Whenever an exception is fired by some situation not foreseen during development, we can trace the exception in Zope logs or in the console itself. Many times during development, it's more useful to get direct access to the exception's context to better understand the problem. PDBDebugMode, a postmortem debugger, allows us to do that. It opens a pdb prompt to let us get our hands dirty.

How to do it…

  1. Add a Products.PDBDebugMode line in the eggs parameter of the [buildout] part.
    [buildout]
    ...
    
    # Add additional eggs here 
    eggs = 
        iw.debug 
        Products.DocFinderTab 
        Products.Clouseau
     Products.PDBDebugMode
    
  2. Rebuild the Zope instance:
     ./bin/buildout
    
  3. Test PDBDebugMode. As we said earlier, from now on every time Zope fires an exception (if running in debug mode), a pdb (not an ipdb though) will prompt us to inspect the context.
    • For an easy test, we must first tell Zope to pay attention to (that is, not ignore) the kind of exceptions we are going to produce. Open your browser and go to http://localhost:8080/plone/prefs_error_log_form and delete the NotFound line in Ignored exception types field (or you can also follow the ipzope example we included in Accessing an IPython powered shell earlier).
    • Then type any URL that you know doesn't exist, like http://localhost:8080/plone/doesnt-exist.
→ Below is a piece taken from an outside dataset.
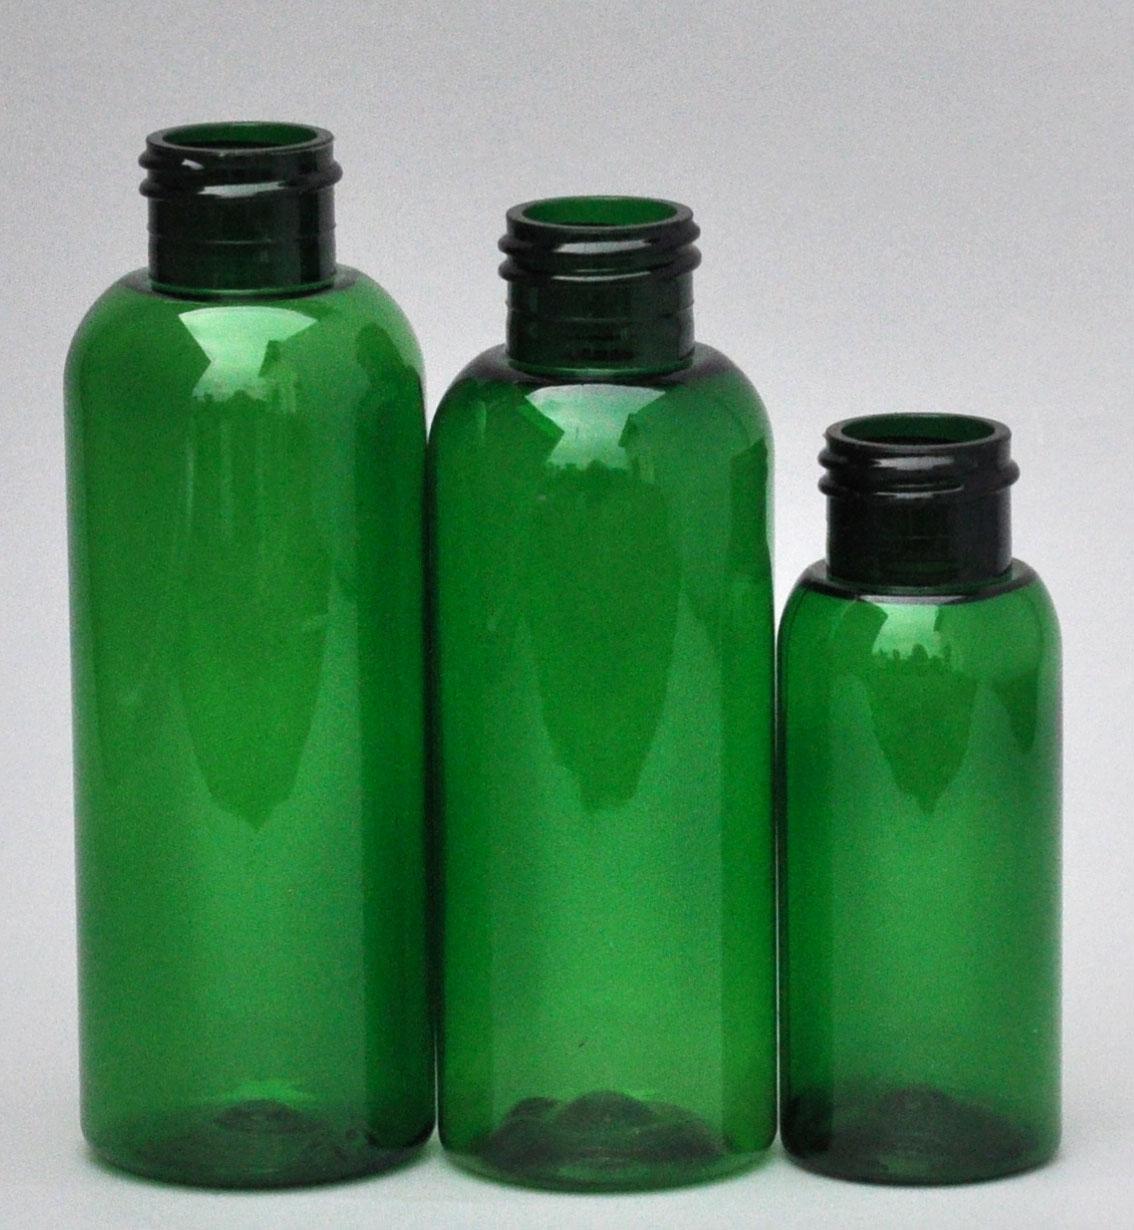 SNEP-125BPETG-125ml Green PET Boston Bottle with 24/410 Neck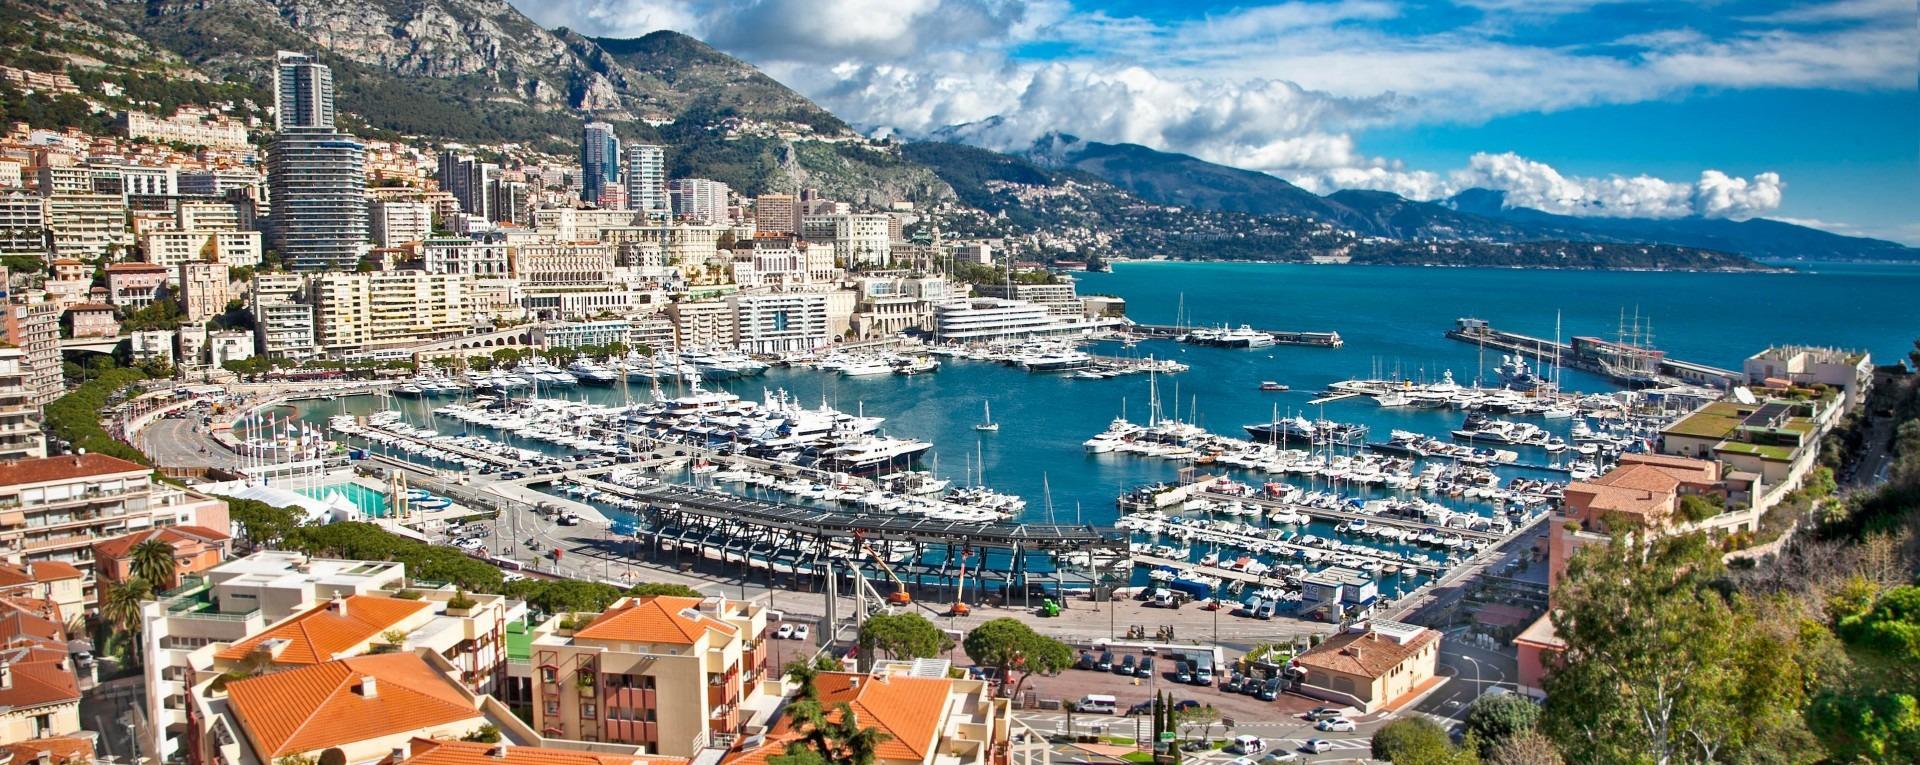 Sonbaharda Fransız Rivierası Cote D'azur

    Now check your console. You will see a pdb prompt waiting for you. Unluckily, this example is not a very good one because the exception was fired by the ZPublisher (try writing self in the console), so we can't see familiar code.

Note

You can suffer problems with PDBDebugMode such as triggering on at unexpected times, causing apparent slowness, or freezes. Thus, if your instance doesn't seem to be responding, check its console.